From:	Nikita Glukhov <n(dot)gluhov(at)postgrespro(dot)ru>
To:	Tomas Vondra <tomas(dot)vondra(at)enterprisedb(dot)com>, Mahendra Singh Thalor <mahi6run(at)gmail(dot)com>
Cc:	PostgreSQL Hackers <pgsql-hackers(at)lists(dot)postgresql(dot)org>, Mahendra Thalor <mahendra(dot)thalor(at)enterprisedb(dot)com>, Oleg Bartunov <obartunov(at)postgrespro(dot)ru>, Thomas Munro <thomas(dot)munro(at)gmail(dot)com>
Subject:	Re: Collecting statistics about contents of JSONB columns
Date:	2022-03-10 22:58:54
Message-ID:	bf7e1b50-8a35-a98a-251f-2a243558e470@postgrespro.ru
Views:	Whole Thread \| Raw Message \| Download mbox \| Resend email
Thread:
Lists:	pgsql-hackers

On 04.02.2022 05:47, Tomas Vondra wrote:
> On 1/25/22 17:56, Mahendra Singh Thalor wrote:
> >
>> ...
>>
>> For the last few days, I was trying to understand these patches, and
>> based on Tomas's suggestion, I was doing some performance tests.
>>
>> With the attached .SQL file, I can see that analyze is taking more
>> time with these patches.
>>
>> I haven't found the root cause of this but I feel that this time is
>> due to a loop of all the paths.
>> In my test data, there is a total of 951 different-2 paths. While
>> doing analysis, first we check all the sample rows(30000) and we
>> collect all the different-2 paths (here 951), and after that for
>> every single path, we loop over all the sample rows again to collect
>> stats for a particular path. I feel that these loops might be taking
>> time.
>>
> Thanks, I've been doing some performance tests too, and you're right
> it takes quite a bit of time.

That is absolutely not surprising, I have warned about poor performance
in cases with a large number of paths.

> I agree the slowness is largely due to extracting all paths and then
> processing them one by one - which means we have to loop over the
> tuples over and over. In this case there's about 850k distinct paths
> extracted, so we do ~850k loops over 30k tuples. That's gotta take time.
>
> I don't know what exactly to do about this, but I already mentioned we
> may need to pick a subset of paths to keep, similarly to how we pick
> items for MCV. I mean, if we only saw a path once or twice, it's
> unlikely to be interesting enough to build stats for it. I haven't
> tried, but I'd bet most of the 850k paths might be ignored like this.
>
> The other thing we might do is making it the loops more efficient. For
> example, we might track which documents contain each path (by a small
> bitmap or something), so that in the loop we can skip rows that don't
> contain the path we're currently processing.
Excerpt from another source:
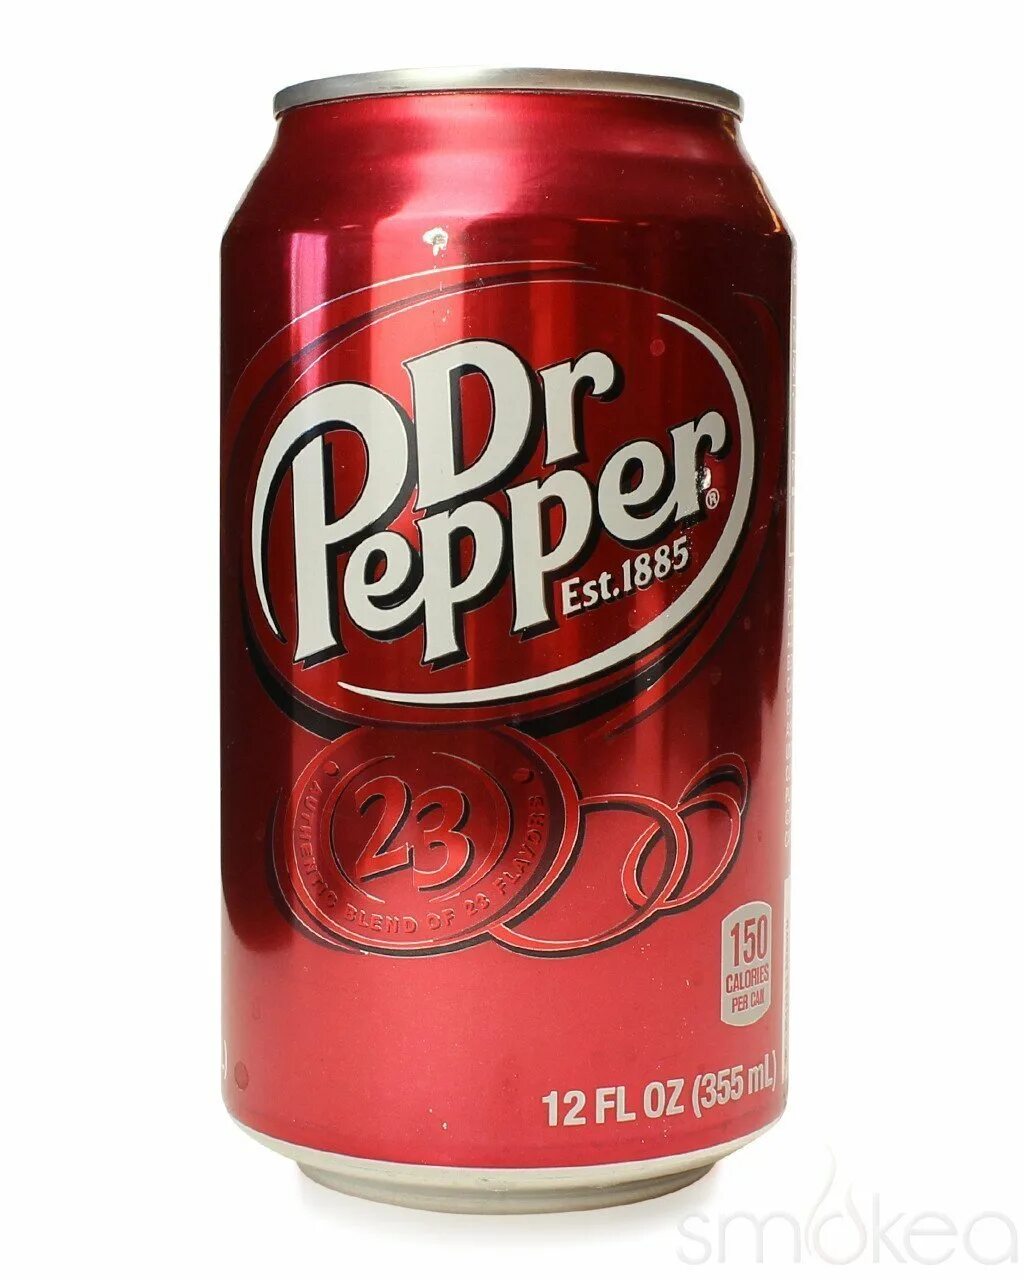 Pepper состав. Пеппер доктор Пеппер. Доктор Пеппер напиток 90-х. Газировка доктор Пеппер. Доктор Пеппер 1886.

Or something like that.
>
>> Apart from this performance issue, I haven't found any crashes or
>> issues.
>>
>
> Well, I haven't seen any crashes either, but as I mentioned for
> complex documents (2 levels, many distinct keys) the ANALYZE starts
> consuming a lot of memory and may get killed by OOM. For example if
> you generate documents like this
>
> ./json-generate.py 30000 2 8 1000 6 1000
>
> and then run ANALYZE, that'll take ages and it very quickly gets into
> a situation like this (generated from gdb by calling
> MemoryContextStats on TopMemoryContext): and then run ANALYZE, that'll
> take ages and it very quickly gets into a situation like this
> (generated from gdb by calling MemoryContextStats on TopMemoryContext):
>
> -------------------------------------------------------------------------
> TopMemoryContext: 80776 total in 6 blocks; 13992 free (18 chunks);
> 66784 used
> ...
> TopPortalContext: 8192 total in 1 blocks; 7656 free (0 chunks); 536
> used
>     PortalContext: 1024 total in 1 blocks; 488 free (0 chunks); 536
> used: <unnamed>
>       Analyze: 472726496 total in 150 blocks; 3725776 free (4 chunks);
> 469000720 used
>         Analyze Column: 921177696 total in 120 blocks; 5123256 free
> (238 chunks); 916054440 used
>           Json Analyze Tmp Context: 8192 total in 1 blocks; 5720 free
> (1 chunks); 2472 used
>             Json Analyze Pass Context: 8192 total in 1 blocks; 7928
> free (0 chunks); 264 used
>           JSON analyze path table: 1639706040 total in 25084 blocks;
> 1513640 free (33 chunks); 1638192400 used
>       Vacuum: 8192 total in 1 blocks; 7448 free (0 chunks); 744 used
> ...
> Grand total: 3035316184 bytes in 25542 blocks; 10971120 free (352
> chunks); 3024345064 used
> -------------------------------------------------------------------------
>
>
> Yes, that's backend 3GB of memory, out of which 1.6GB is in "analyze
> path table" context, 400MB in "analyze" and 900MB in "analyze column"
> contexts. I mean, that seems a bit excessive. And it grows over time,
> so after a while my laptop gives up and kills the backend.
>
> I'm not sure if it's a memory leak (which would be fixable), or it's
> due to keeping stats for all the extracted paths. I mean, in this
> particular case we have 850k paths - even if stats are just 1kB per
> path, that's 850MB. This requires more investigation.

Thank you for the tests and investigation.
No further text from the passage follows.